Mirziyoyeva’s rapid ascent to a position of influence is bound to draw comparisons with what unfolded under President Karimov, who died suddenly in September 2016. His eldest daughter, Gulnara, secured positions within government from the mid-1990s, and at one point served as her country’s representative to the United Nations in Geneva. She later went on to develop a career as a fashion impresario, pop singer and philanthropist.

Karimova is most strongly associated now, however, with a vast corruption scheme to extort hundreds of millions of dollars in bribes from international telecommunications seeking to enter the Uzbek market. She was arrested in 2015, one year before her father’s death.

Mirziyoyev is not new to charges of fostering nepotism.

U.S. government-funded broadcaster RFE/RL reported in November 2019 on how Otabek Umarov, the husband of another of Mirziyoyeva’s daughters, Shahnoza, had been appointed as deputy head of the presidential personal security detail.
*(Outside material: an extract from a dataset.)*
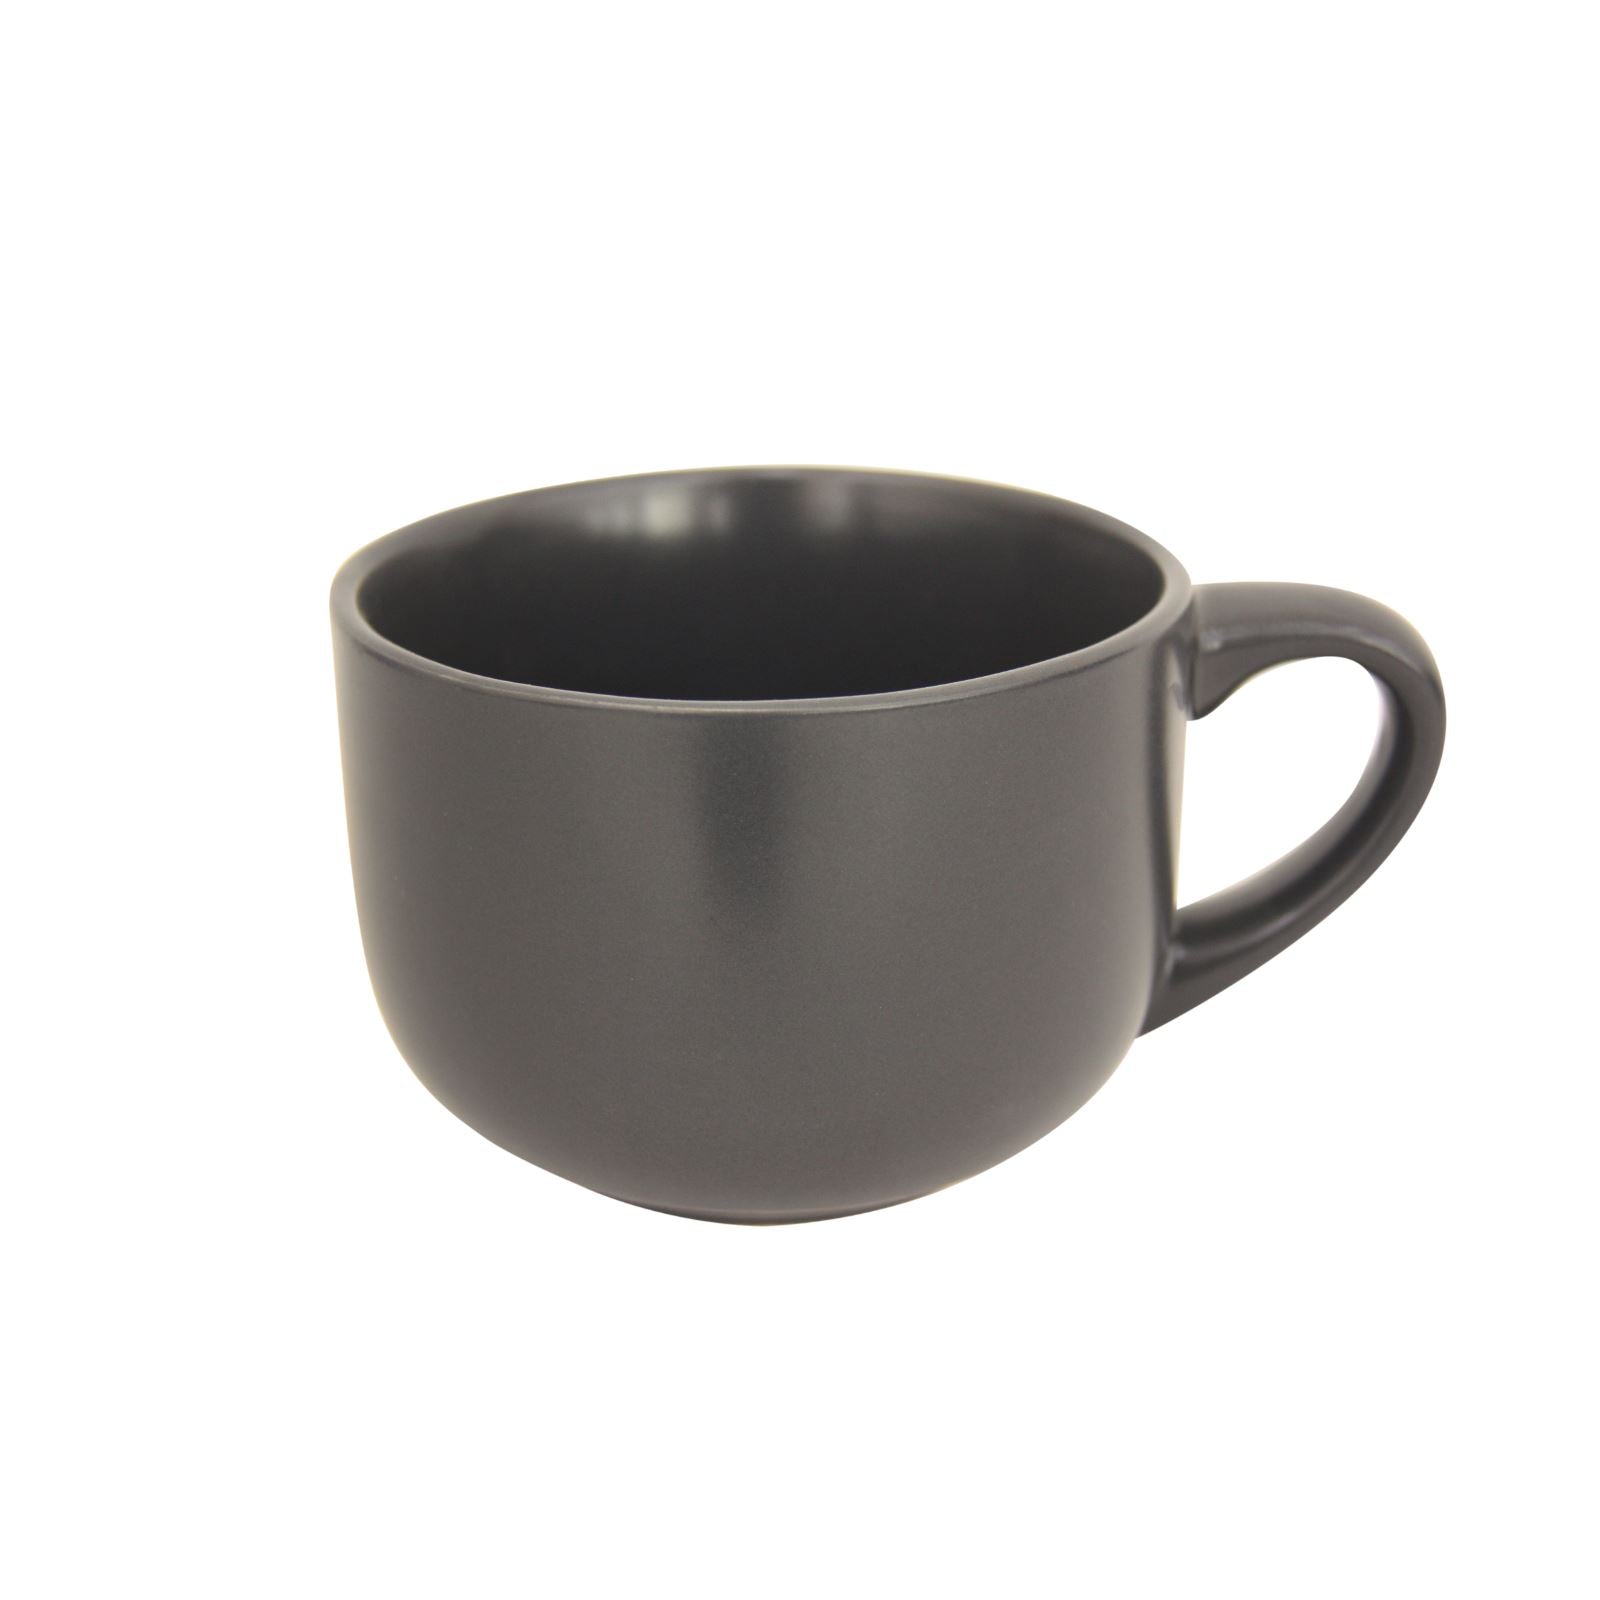 grey large soup mug on white background.

The broadcaster alleged that Umarov also served as an informal ambassador at events with foreign dignitaries.

The same report described Shahnoza Mirziyoyeva as a “high-level official at the Preschool Education Ministry … reputed to essentially control funding and other aspects of social programs for children.”

There is, of course, a notable international precedent for a head of state appointing a favored offspring to their administration.

In March 2017, U.S. President Donald Trump formally hired his then-35-year-old daughter, Ivanka, as an unpaid adviser. Her husband, Jared Kushner, meanwhile held a post as senior adviser to President Trump.

As the New York Times has reported, the Trump Justice Department batted away suggestions that Kushner’s appointment constituted a violation of anti-nepotism rules, insisting that the “president’s special hiring authority … [exempted] positions in the White House Office.”